Mit Netto-Neugeldern von 11,3 Milliarden Franken erzielte EFG den höchsten Zufluss seit dem Ausbruch der Finanzkrise im Jahr 2007. Das entspricht einer Wachstumsrate von 6,8 Prozent und liegt damit über dem strategischen Zielband von 4 bis 6 Prozent, wie die Bank am Mittwoch mitteilte. Den grössten Neugeldanteil steuerten Asien und die Americas-Region bei (3,2 bzw. 3,3 Milliarden Franken). Die Marktregion Schweiz und Italien erzielte 1,9 Milliarden Franken.
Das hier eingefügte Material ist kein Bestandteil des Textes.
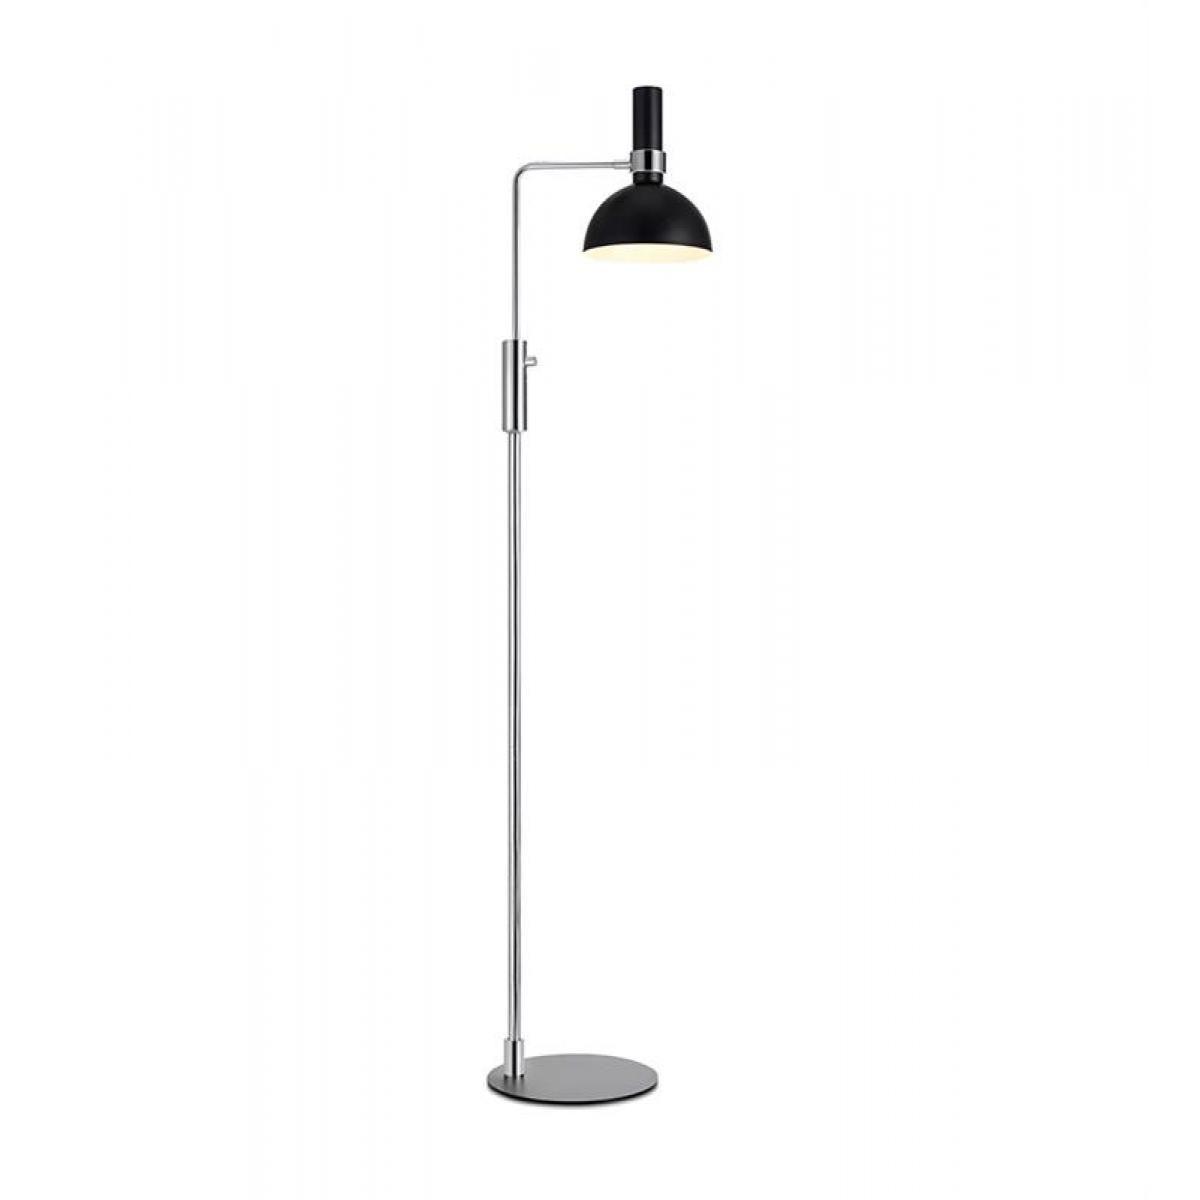 Lampa Podlogowa Markslojd Larry 1l E27 Chrom Czarny With Images Lampa Podlogowa Lampy Czarny

Die verwalteten Vermögen (Assets under Management) erhöhten sich Ende 2025 auf 185 Milliarden Franken, ein Plus von 12 Prozent gegenüber dem Vorjahr. Darin eingerechnet sind die Übernahmen von Cité Gestion und ISG. Die Ertragsmarge erhöhte sich auf 98 Basispunkte, nach 96 im Jahr zuvor.
Der operative Gewinn legte um 26 Prozent auf 493,1 Millionen Franken zu. Die Erträge erreichten mit 1,67 Milliarden Franken ebenfalls ein Rekordniveau (plus 11 Prozent). Da die Kosten weniger stark anstiegen (6,1 Prozent), verbesserte EFG das Kosten-Ertrags-Verhältnis auf bereinigter Basis von 72,9 auf 69,8 Prozent.
Über 150 neue Kundenberater
Unter dem Strich erhöhte sich der Reingewinn jedoch nur marginal um 1 Prozent auf 325,2 Millionen Franken. Eingeschlagen haben unter anderem erwartete Kreditverluste von 10,7 Millionen Franken sowie Rückstellungen in Höhe von 86,5 Millionen Franken. Davon entfielen 72,3 Millionen Franken auf bekannte Altlasten.
Die harte Eigenkapitalquote sank auf 14 Prozent (von 17,7 Prozent im Jahr zuvor). Gründe dafür sind Aktienrückkäufe (1,9 Prozentpunkte) sowie 2025 erfolgte Übernahmen (1,3 Prozentpunkte). Die Rückstellungen für Altlasten belasteten die Quote mit weiteren 1 Prozentpunkt. Vorgeschlagen wird eine Dividende von 0,65 Franken je Aktie – ein Plus von 8 Prozent gegenüber dem Vorjahr. Es ist die fünfte Dividendenerhöhung in Folge.
Wie schon in den vergangenen Jahren baute EFG auch 2025 personell aus: 79 neue Kundenberater (CROs) traten neu in die Bank ein. 67 weitere CROs kamen durch Übernahmen hinzu. Insgesamt beschäftigte die Bank zum Jahresende 763 CROs weltweit. Die durchschnittlich verwalteten Vermögen pro Berater stiegen um 4 Prozent auf 363 Millionen Franken. Die Zahl der Beschäftigten erhöhte sich auf 3225 von 3114 im Vorjahr.
EFG-CEO Gorgio Pradelli sagt zum Resultat: «2025 war ein weiteres Jahr mit starken Fortschritten und Wachstum. Unsere anhaltenden Mittelzuflüsse, die sich in der zweiten Jahreshälfte noch weiter beschleunigten, sind ein Zeichen für das Vertrauen, das unsere Kunden in uns setzen.»